Sensing this, my partner Alex suggested we break our self-quarantine and leave the living room for a mountaintop somewhere. The ideal hike for the day needed to be two things: short enough for our nearly fourmonth-old puppy, Basil, and out of the way enough that we would not be putting ourselves or others at risk by going out into the world. These criteria led us up the Cherohala Skyway, where we parked on the roadside for a short hike up to Huckleberry Knob.
Alex and I had been aching for a hike all spring, having stayed home as much as
possible because of the pandemic and the new puppy, and this day trip was much needed. After a short mile up, we arrived at the bald where two other groups had arrived earlier in the day to do just what we were doing. Luckily, balds are big places, and once we walked a bit, we couldn’t see or hear the other hikers. We picked our spot, gave the pups some lunch, and sat down with ours: peanut butter & honey sandwiches, bananas, and chips. Basil tried to steal a sandwich or two, and her big brother Bob sat and smiled as she did it, happy to not be the only dog on the hike anymore.

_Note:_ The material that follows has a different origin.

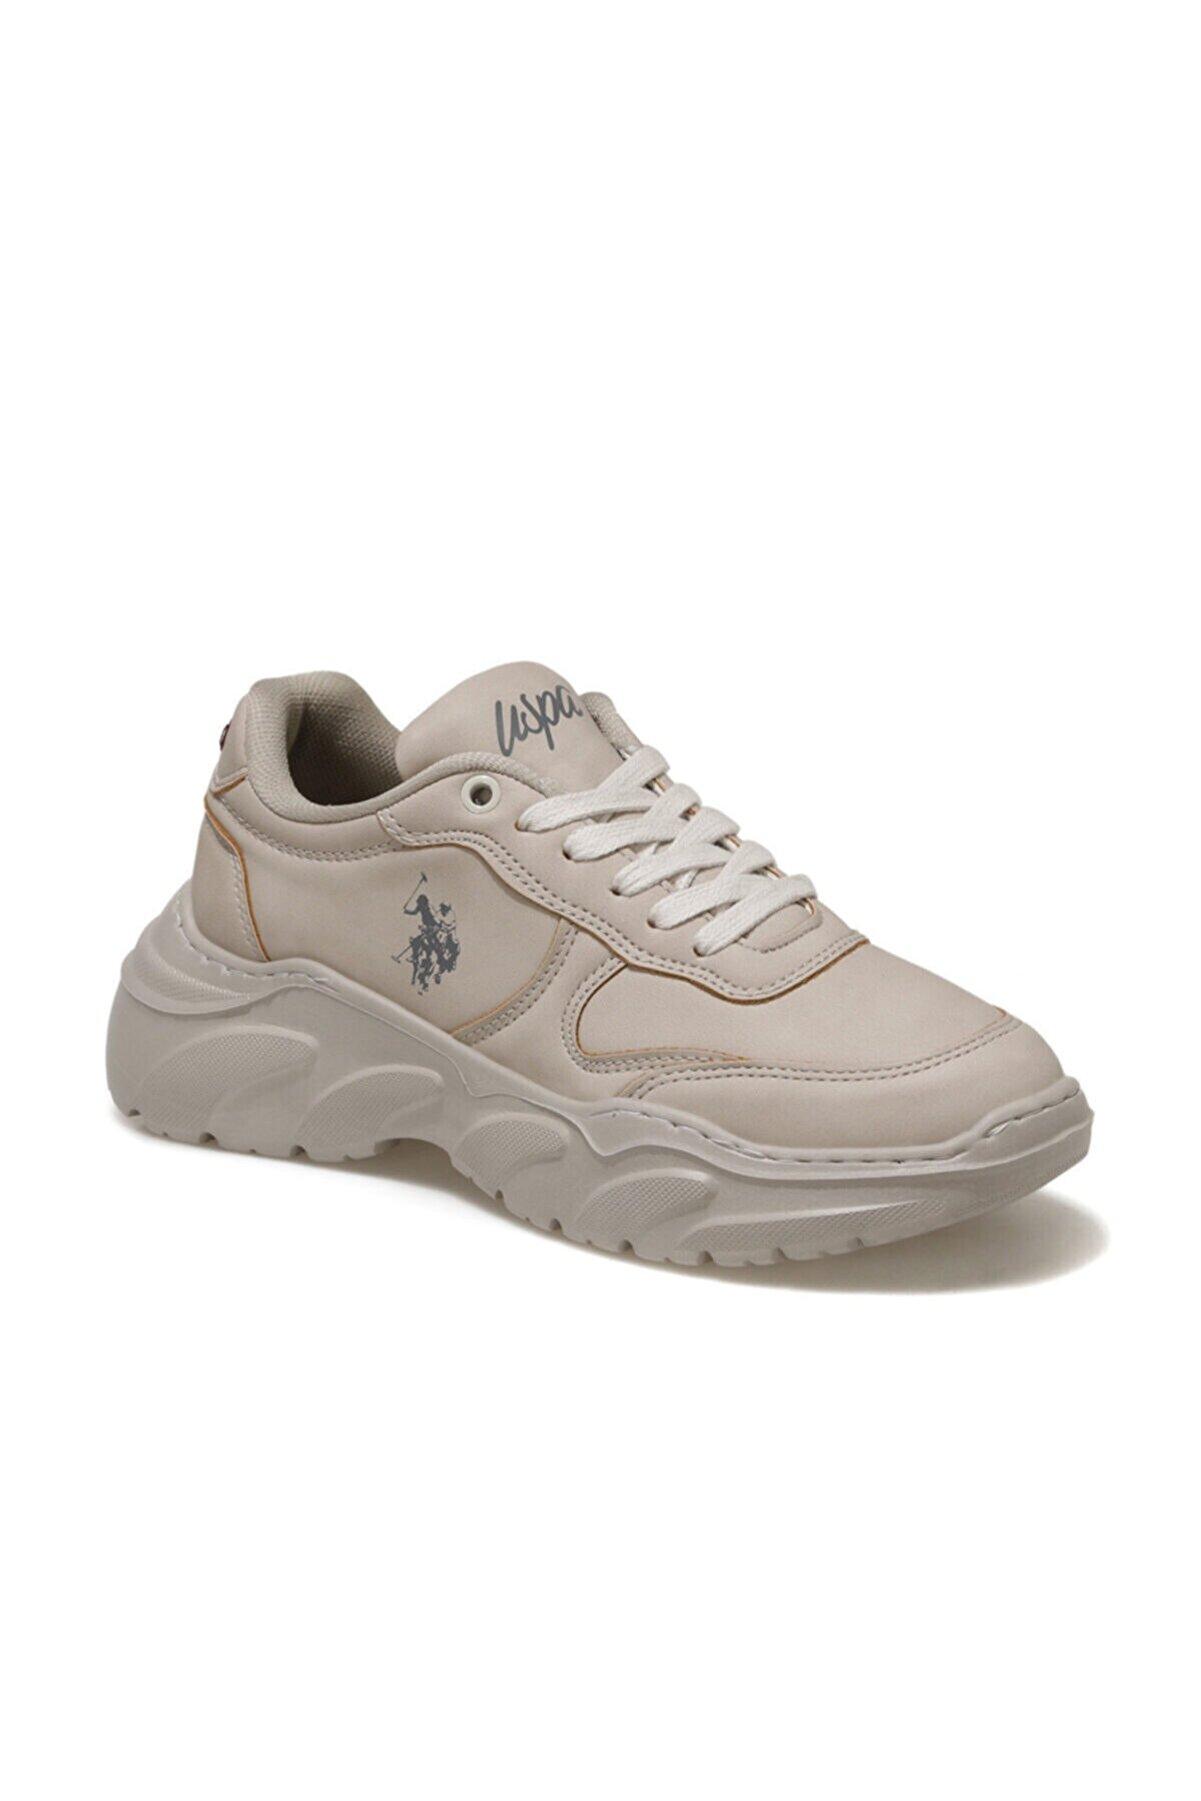 US Polo Assn LOVELY Bej Kadın Fashion Sneaker 100551395
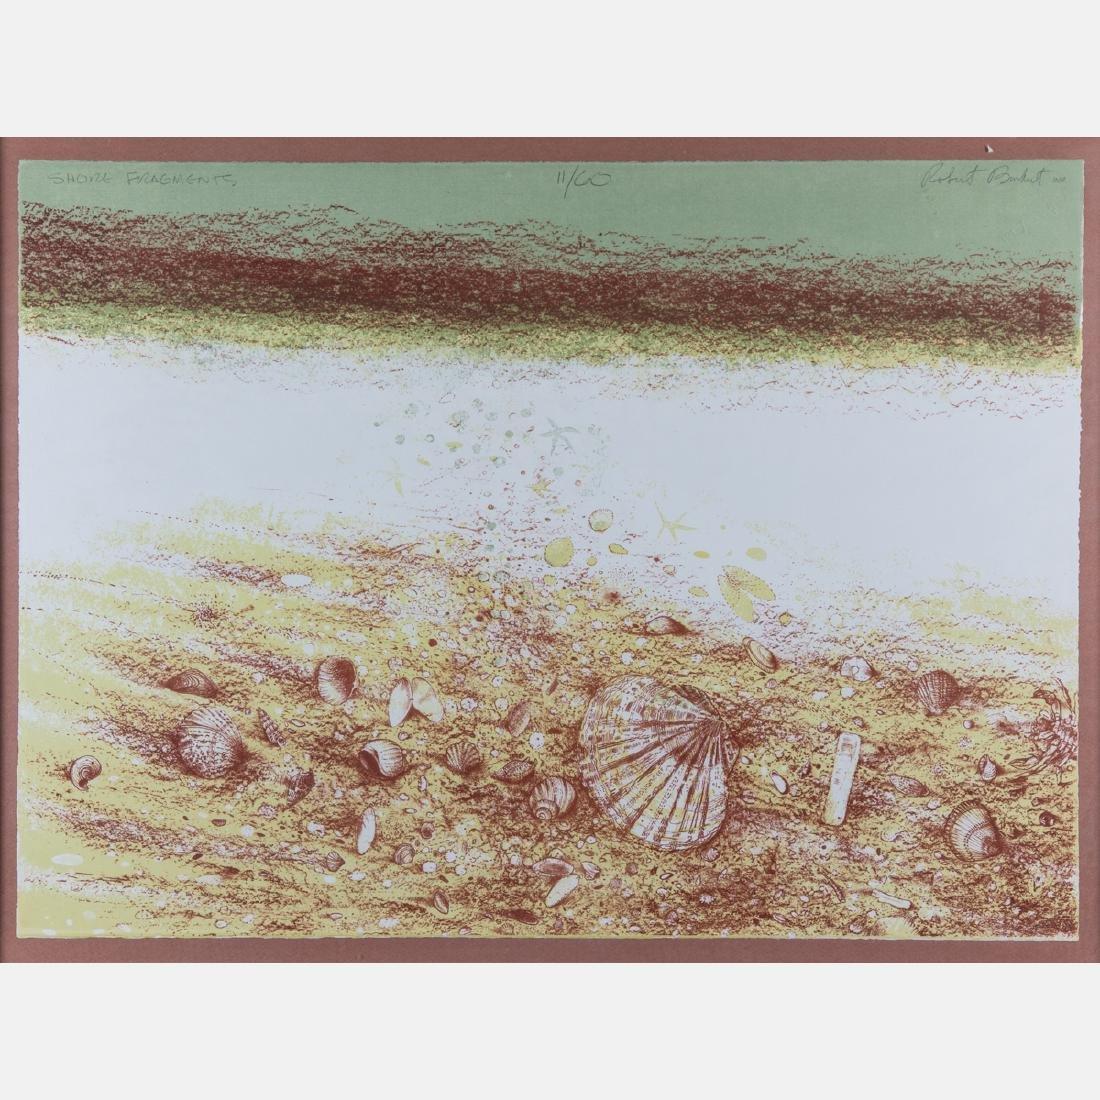 Robert Randall Burkert (b. 1930) 'Sea Edge' and 'Shore - 2

As we sat up there in the sun, I thought about a lot of things. I thought about the trip we weren’t going to get to go on and the graduation I wasn’t going to have. I thought about the jobs that I knew I wouldn’t be able to find during a pandemic-induced recession. But I also thought about how lucky I was to be sitting on a mountain in the sunshine with
someone I love. I often find myself feeling guilty for feeling sorry for myself over things that a non-privileged person would never even have the chance to do. Who am I to mourn a trip to the beach when people are dying? Even so, I know that it’s okay to be sad about things, even when they are not the worst things. It’s also okay to celebrate life at a standstill: in the kitchen or on a mountain bald. After all, life is what we should all be celebrating.
So, even though in my small part of the world, there will be no trip to Costa Rica this year,
I celebrate peanut butter sandwiches.I celebrate mountains.
I celebrate puppies running through tall grass.
I celebrate Appalachia, my home.I celebrate life.